O que a nossa geladeira diz sobre nós? Pra Fê Canna, muito

O que a nossa geladeira diz sobre nós? Pra Fê Canna, muito

O que você come é fundamental. E pra @fecanna, de quem e como você compra sua comida também. Já falamos que você pode votar todo dia com cada escolha, e nossa alimentação é provavelmente a mais poderosa ferramenta, já que impacta diretamente (e muito!) nosso planeta - além de ser algo que fazemos todo santo dia.

Produção orgânica e local, vegetarianismo e consumo sem plástico são só alguns dos assuntos que fazem parte desse universo na vida da Fê, que segue refletindo e criando uma rotina cada vez mais alinhada com seus valores.
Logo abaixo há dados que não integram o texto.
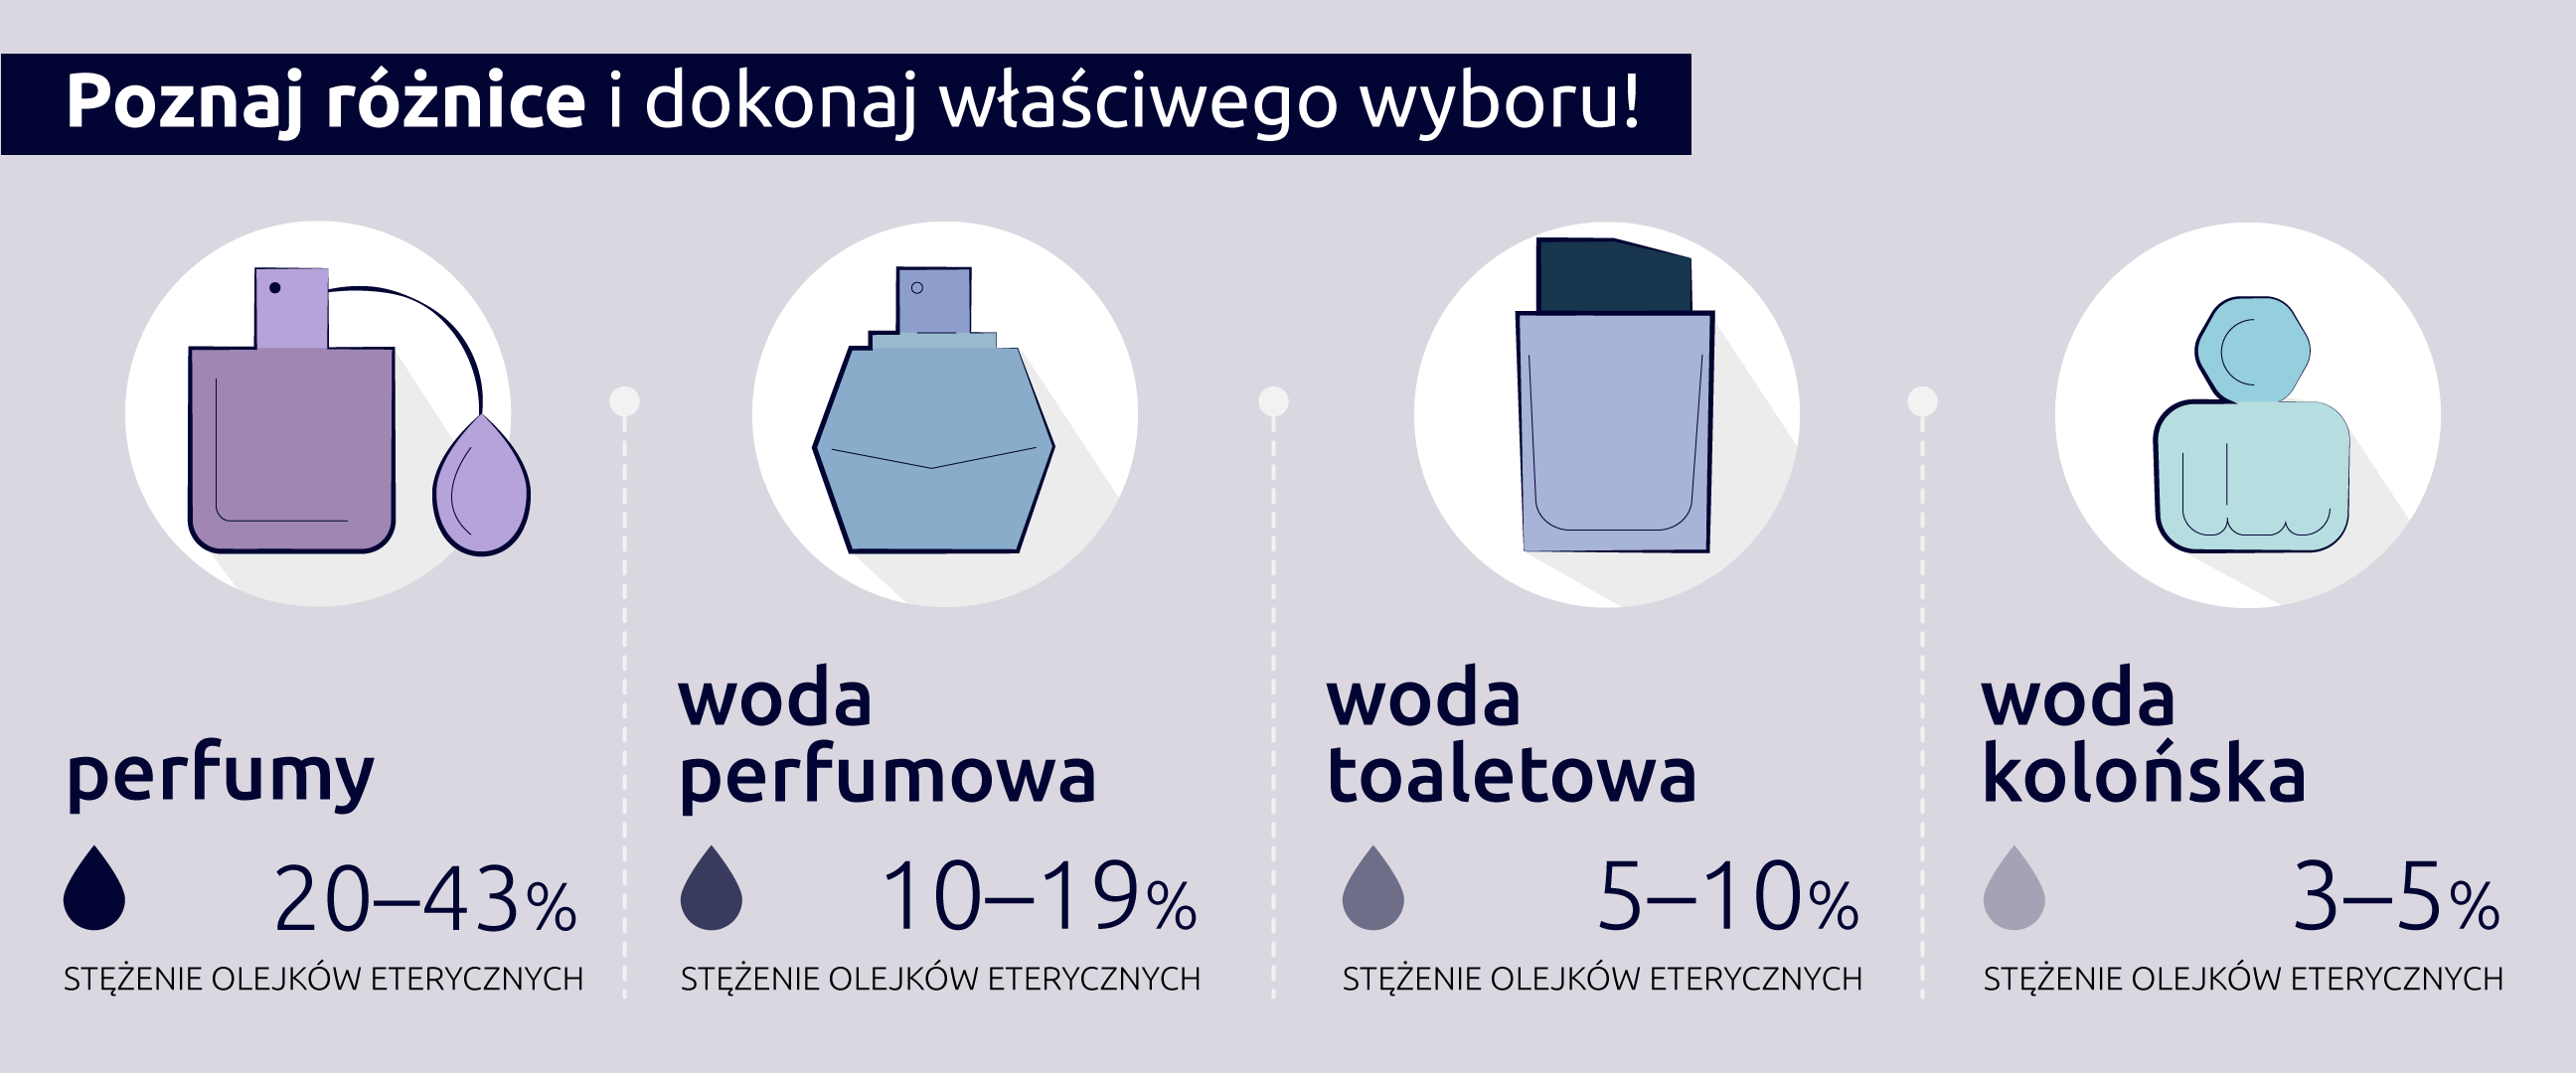 Woda toaletowa czy perfumowana - różnice - infografika
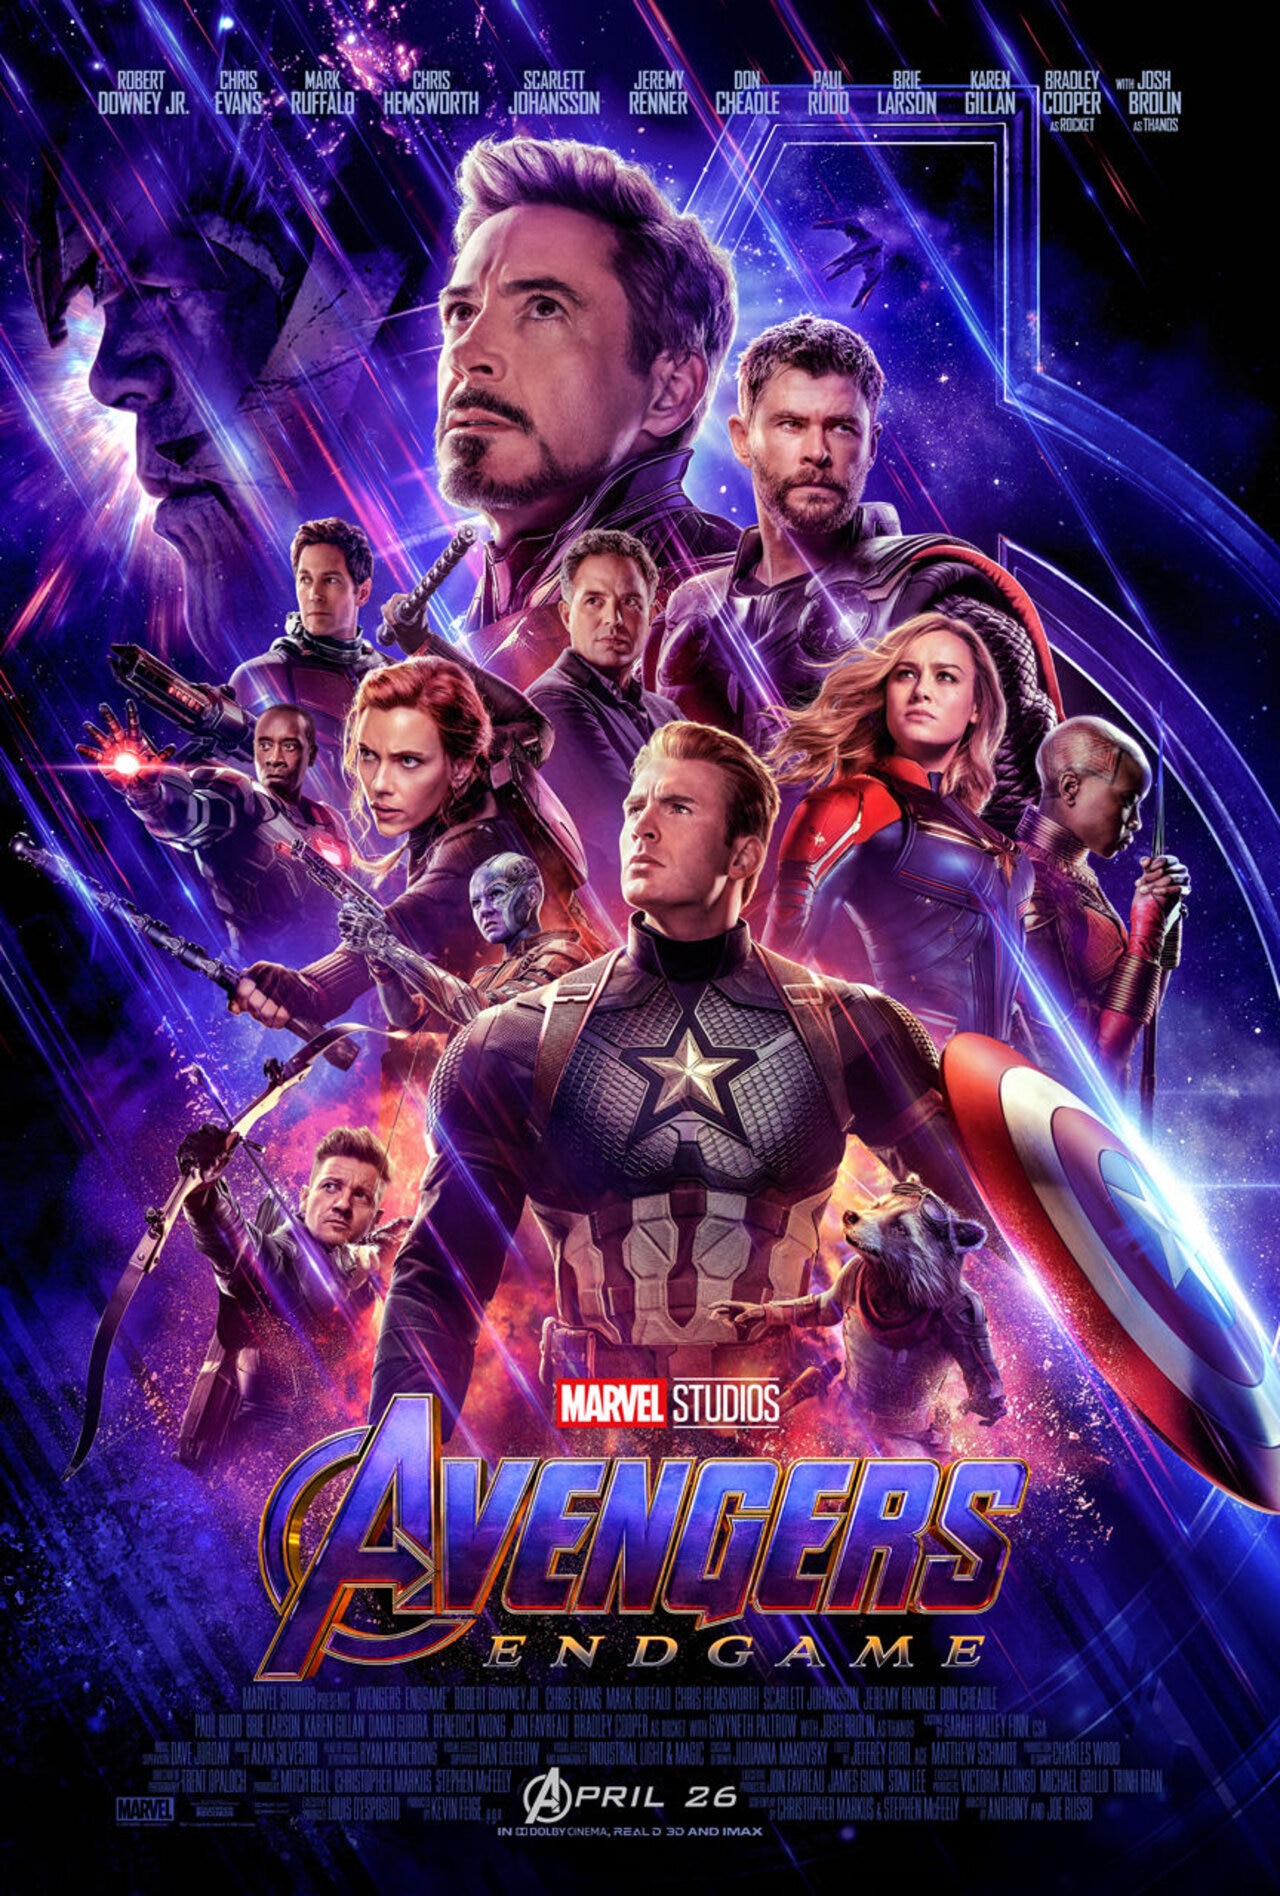 Avengers: Endgame' Refresher: Thanos

Pra ela, tudo está mais do que conectado: “Não dá mais pra ter uma preocupação seletiva”.

Mas o que a nossa geladeira tem a ver com isso? Tá tudo lá: o saquinho de pano que carregou os legumes, as folhas guardadas com cuidado pra durarem mais, o pote de vidro que vai ser reutilizado como recipiente. Ou também aquela marca suspeita, um potão de sorvete industrializado ou um inocente brócolis empacotado em um (desnecessário) plástico. Ela nada mais é que um simples retrato da responsabilidade (ou falta dela) que temos em relação a cada pequeno aspecto do complexo universo dos alimentos.

As escolhas diárias da Fê não tem a ver só com a sua própria saúde: elas levam em conta todo o nosso contexto. São a prova que de nada vale falar sobre o que queremos que mude se não somos capazes de atuar – nas menores coisas – de acordo com nossos valores.

 

Responsabilidade

Quebrar o paradigma de que tomar atitudes mais conscientes é muito complicado ou caro é o primeiro passo pra começar a fazer melhores escolhas: “Eu não acho que seja tudo menos prático ou muito mais difícil. Só acho que é diferente do que estamos acostumados, aí rola um estranhamento. Pra mim é uma questão de percepção. O tempo que eu levo pra bater um bolo, assar e lavar a louça é o mesmo tempo que eu levaria pra ir até o mercado comprar. E eu gasto menos, sei o que coloco no meu bolo e não produzo lixo.”

A partir do momento em que entendemos nosso papel no que a indústria produz e em como o varejo atua, percebemos que nosso compromisso com o que acreditamos é o que mais tem potencial de mudar as coisas. Estamos falando de oferta e demanda: quanto mais escolhermos melhores opções, mais forte é a mensagem pro mercado de que ele tem que mudar. O conceito de dollar voting vem daí: cada centavo seu passa uma mensagem importante, é um voto.

Ao entender este ciclo, simplesmente não faz sentido fazer as coisas de outra maneira: “Posso chegar em casa do mercado e deixar tudo jogado no balcão em sacos plásticos até me dar na telha de guardar? Posso! Mas eu sei que um monte de coisa vai estragar, então vou lá e guardo direitinho. Posso ir no mercado despreparada sem nenhum saquinho ou ecobag? Posso, mas raramente acontece porque eu não quero ter que assumir a responsabilidade de lidar com todo esse plástico e desperdício depois. Então vou ao mercado uma vez por semana, já saio com meu carrinho, meus saquinhos e tudo que preciso”. Nada mais lógico.

 

Embalagens

@fecanna é também criadora da @furo.eco.br, uma marca de produtos essenciais em materiais naturais e de reuso. São saquinhos pra compras à granel, guardanapos de pano, aventais e outros objetos feitos à mão e sem desperdícios. Uma empresa com produtos pensados de cabo a rabo e que além de tudo é familiar: a mãe da Fê, Glória, produz cada peça e cuida da logística, enquanto ela é responsável pela criação, divulgação e atendimento aos clientes. A Furo é um ótimo exemplo de negócio que já nasceu de acordo com a pluralidade e complexidade que é o mundo da sustentabilidade.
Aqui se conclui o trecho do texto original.